Modulation of Translation Efficiency in S. cerevisiae by Codon Pairs and mRNA Structure

Thesis (Ph.D.)--University of Washington, 2016-06

Synonymous codon choice modulates translation, but the properties of codons or codon combinations that result in impaired translation are not understood. We scored expression of 35,811 three-codon insertions in GFP in Saccharomyces cerevisiae and evaluated these variants for codon usage and RNA structure effects on GFP fluorescence levels. We have established that codon pairs affect translation elongation and efficiency in yeast in a manner distinct from the effects of individual codon tRNA abundance. Also, similar to previous studies in bacteria, we have found that the base-pairing status of nucleotides near the translation start site is likely to impair translation initiation. Both inhibitory codon pairs and 5’ mRNA structure can impose substantial limitations on translation efficiency through synonymous variation.

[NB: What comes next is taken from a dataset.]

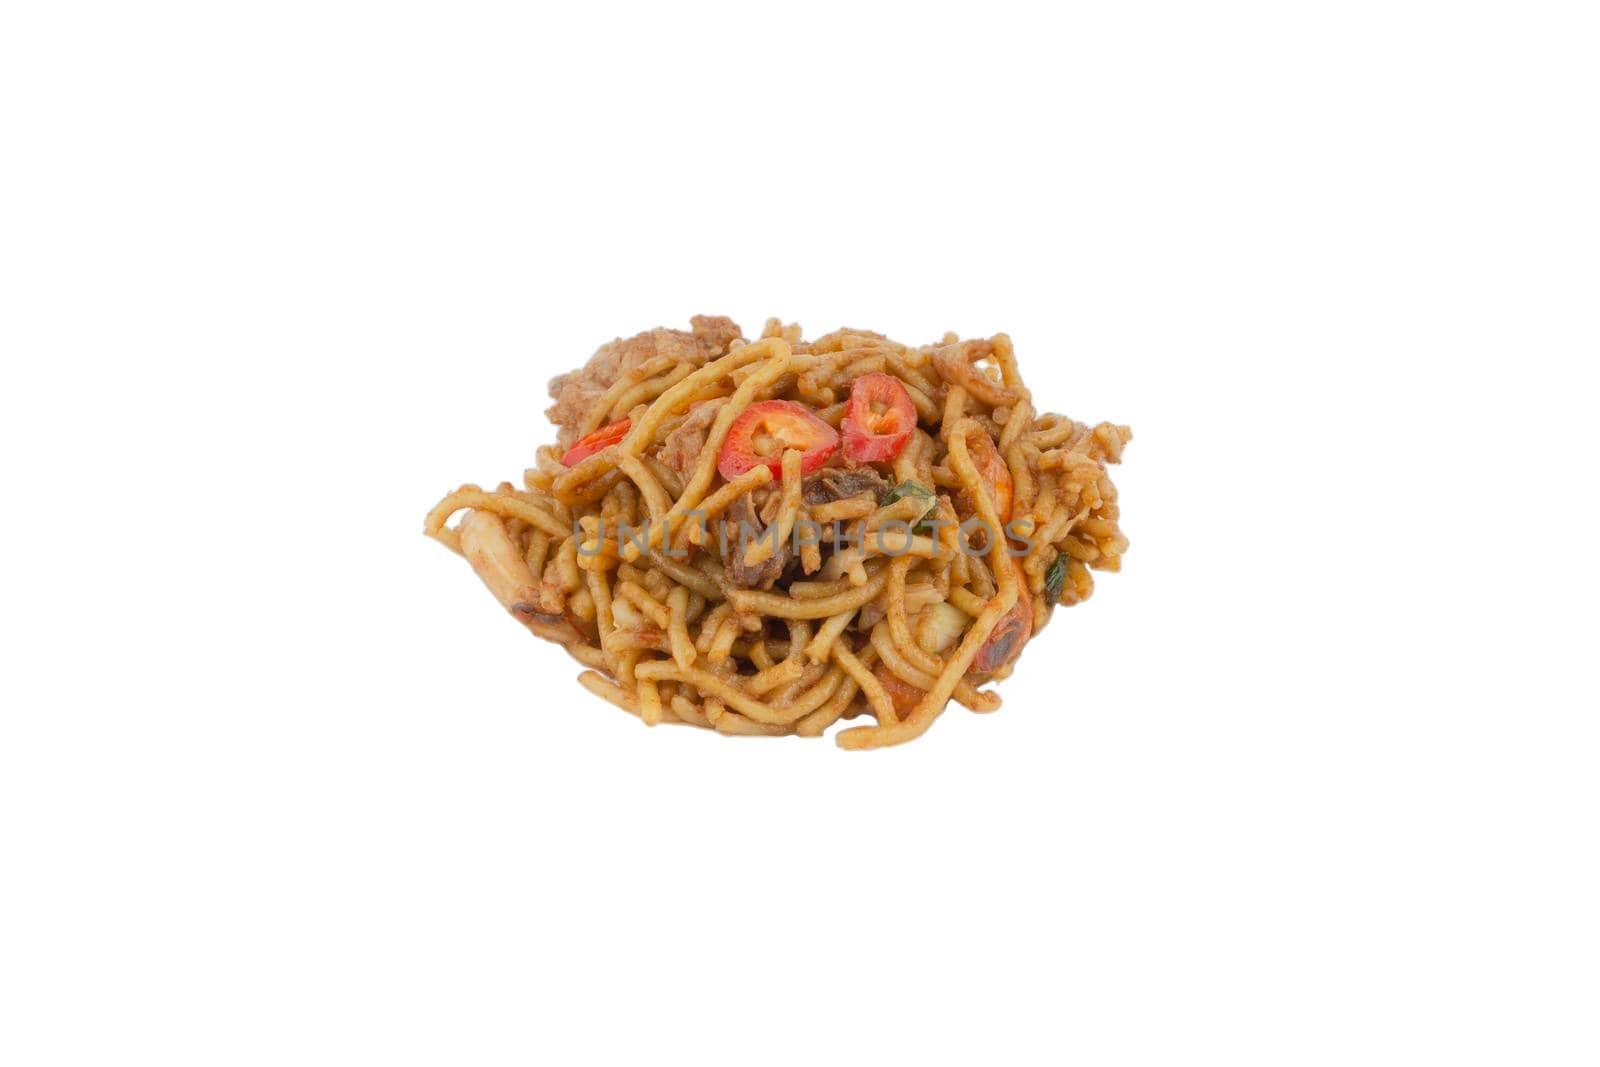 Fried noodles isolate on white background by silverwings

For 17 inhibitory codon pairs, we show that it is the pair, rather than the dipeptide, the 6-base sequence, or the two individual codons, that is responsible for inhibition. Variants from the GFP insertion library that had an inhibitory pair had significantly lower expression than variants in which: the 6 base sequences were out of frame; the two codons were present but separated; or one of the codons of the pair was instead an optimal codon. We find that the inhibitory pairs act in translation, based on both suppression of inhibition by over expressed tRNA (11/12 tested) and the reduction in translation speeds relative to synonymous dipeptide sequences, as observed from ribosome occupancies along yeast transcripts. Furthermore, for 12 of the 17 pairs, preserving the order of codons in the pair was required for strong inhibitory effects. Thus the position of inhibitory pairs within the ribosome is likely a key factor in translation efficiency. Moreover, the identity of codons in inhibitory pairs is inconsistent with an inhibition mechanism governed primarily by limited tRNA supply. Rather, our data implicates wobble decoding and interactions between adjacent sites in the ribosome. The high-throughput experimental analysis described here has resulted in the direct and extensive identification of multiple inhibitory codon pairs, a quantitative analysis of their relative effects on translation in vivo, and tests of their activity as modulators of translation.